Here’s the first Wikipedia photo of USBR 1:

https://en.m.wikipedia.org/wiki/U.S._Bicycle_Route_1#/media/...

Look, it’s a road on which is possible, but not necessarily desirable, to ride a bike.

The Netherlands has at least two systems:

https://en.m.wikipedia.org/wiki/LF-routes

https://en.m.wikipedia.org/wiki/Numbered-node_cycle_network

and neither article emphasizes the dramatic difference between these and the US system, possibly because it’s utterly obvious to anyone who has ever used the Dutch system: the Dutch bike routes are far, far higher quality. You can bike from almost anywhere to almost anywhere with the bulk of the route (at least outside of a city center) on paths are well separated from cars or even nowhere near a road at all. A lot of them even separate pedestrians from bikes or separate fast bikes from slow bikes. Even the worse bike paths are better than most bike paths in the US. If you ride the bike paths to a major store or a mall, you will generally find that the dedicated bike parking is closer than the car parking. If you go to a smaller store, a cafe or a house, you will be able to get from the nearest bike path to the building without crossing a traffic lane. If you go to a busy area, you might find a double decker bike parking lot!
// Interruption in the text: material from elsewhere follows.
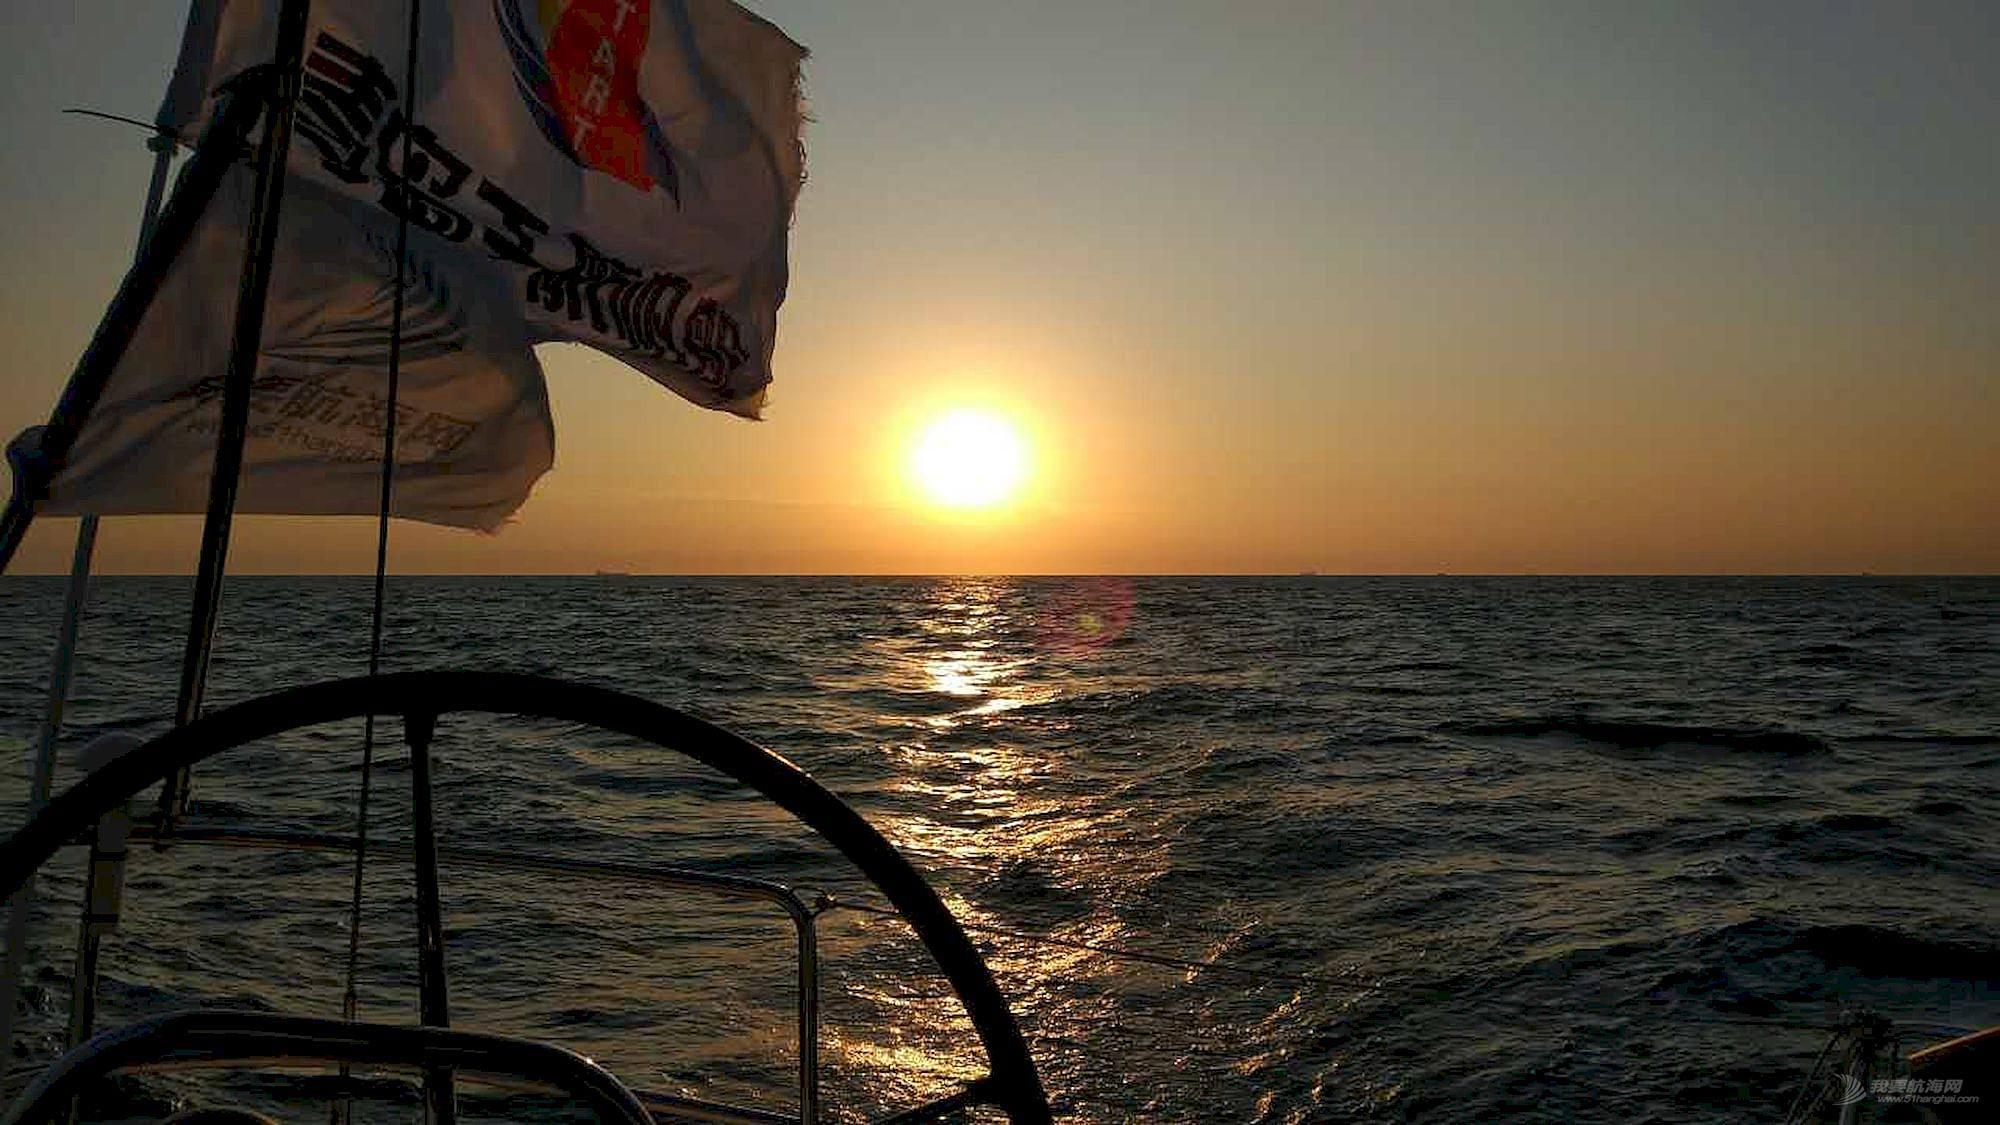 向着太阳升起的地方出发:记第一次跨国远航-千航帆船

This works well in a country with more bikes than people. Those paths are heavily utilized.

The US has excellent bike paths as well, but they are largely the exception, not the norm, and the almost entirely fail to connect into a cohesive system on which you can safely bike from point A to point B without ending up on nasty roads for large fractions of the trip.

dynm•5mo ago
I'm confused. Usually a "natural experiment" is a chance event that affects some random subset of a population. Here, they seem to be using "natural experiment" to refer to the event that someone decides to move to a different city. But obviously the subset of people in Amarilllo, TX who decide to move to New York, NY are going to be somewhat different than the subset who don't. So isn't this confounded?

It's really strange that they just jump into the paper and keep saying "natural experiment" over and over again without any justification that they actually have one. They do eventually get to this in the "Selection effects in relocation and mobile app usage" section, but I think they really downplay the seriousness of the issue.

jt2190•5mo ago
I think they were claiming that people who move to certain cities increase their activity after moving, regardless of where they come from.
cadamsdotcom•5mo ago
All I could glean from the abstract is that people walk more in walkable cities.